What Makes Us Different Makes Us Sexy

When we measure our own sexual expectations, we often compare our own love lives to what we see on the big screen or read in our “50 Shades” books. Lofty goals, right? And if our experiences don’t match the Hollywood versions, we might feel a little disappointed.

During our World Conference last month in Orlando, Debby Herbenick, Ph.D., associate professor at Indiana University, talked to us about what is ‘normal’ in a relationship—and how the definition of ‘normal’ is different for each of us.

The starting point, according to Dr. Herbenick, is that sexual relations are diverse. Most Americans surveyed describe their relationships as monogamous, but from there, the definition can vary widely. For example, that same survey shows that one in 10 Americans says their relationship is ‘monogamous but sexless.’

“So, some of the women who come to your parties may be trying to get their sex lives back with a partner,” said Dr. Herbenick, “or to develop a fulfilling personal sex life that may not be with a partner but through their own sexual exploration.”

Other findings show that 4% are supposedly monogamous and 1% describe themselves as being in an open relationship (more common in younger Americans). And 3% won’t even give it a label or description—they just don’t talk about it.

How often do Americans have sex? The study finds that from 1989 to now, the data shows a slight decline in the frequency of sex–about nine times fewer a year. Why is that? Well, we all know the symptoms: You need sleep; kids keep you busy; pregnancy can make it difficult; health issues come first.

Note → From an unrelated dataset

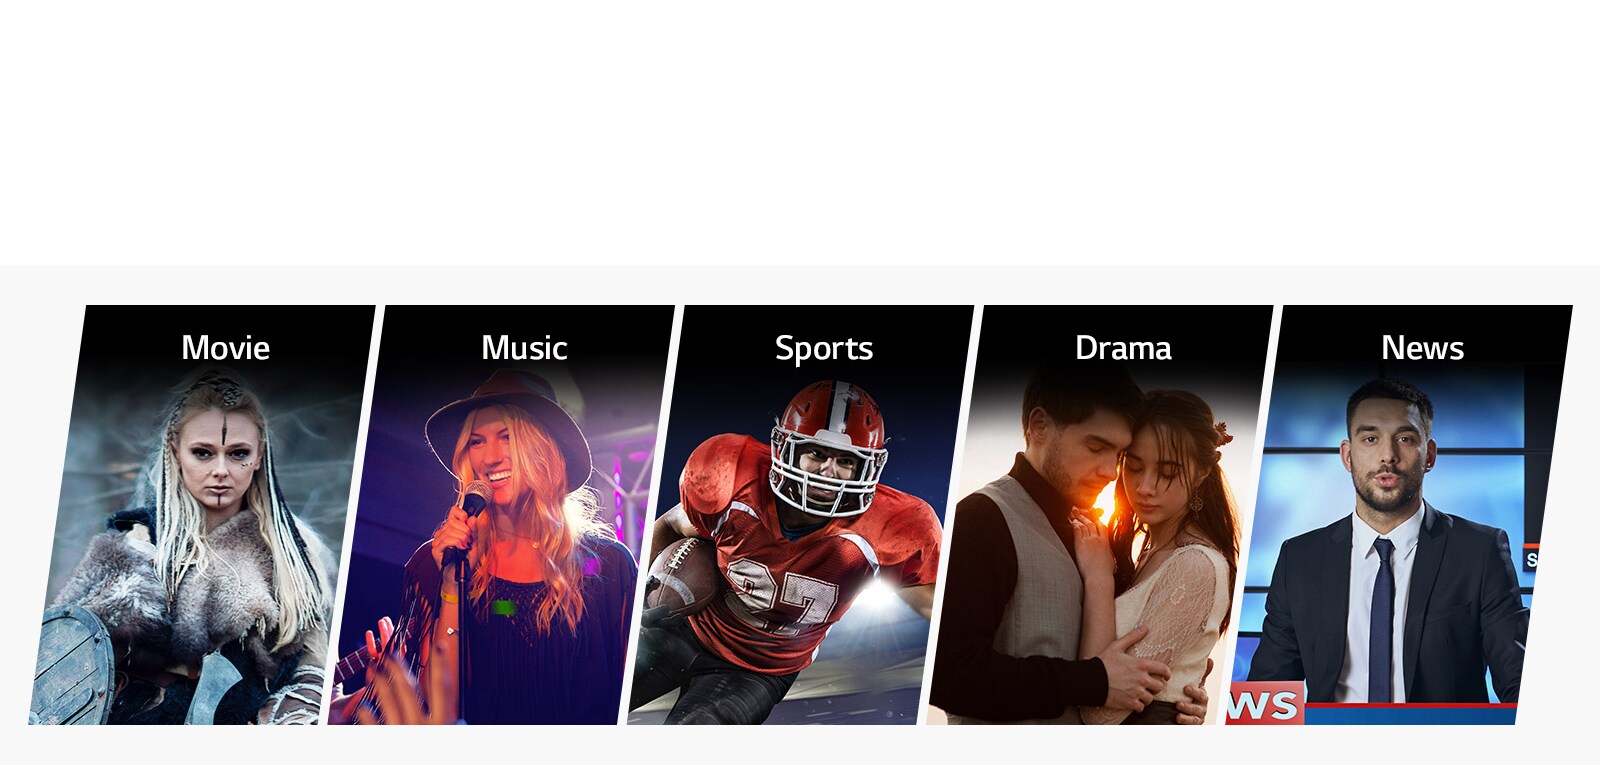 Five vertical title cards for Movie, Music, Sports, Drama and News

So the question becomes, how do you bring sexy back? Maybe it’s as simple as introducing a new position, a different environment or a new toy. More than half the women surveyed have used a vibrator, and nearly half of men surveyed say they have, too. More than 40% say they’ve had sex in a public space, and more than 30% have engaged in playful spanking.

“Sex is diverse, and people like pleasure,” said Dr. Herbenick. “People like exploring with their bodies. And for women at your parties who say, ‘People don’t do that, do they?’ It doesn’t mean you have to, it doesn’t mean everything is for you. There’s a whole big menu out there that you get to sample from.”

Dr. Herbenick suggests that Consultants can help start the dialogue and encourage clients to talk more freely about what they want. “Encourage realistic expectations about sex,” she said, “especially in regard to our bodies, age and Hollywood myths about sex. It’s important to normalize sexual pleasure and the wide range of ways people play together sexually. And, to give people permission to explore and experiment.”

Consultants are the front line in frank discussions about women’s sexual health. It’s an important responsibility. So take the time to find out what your clients really need—and want.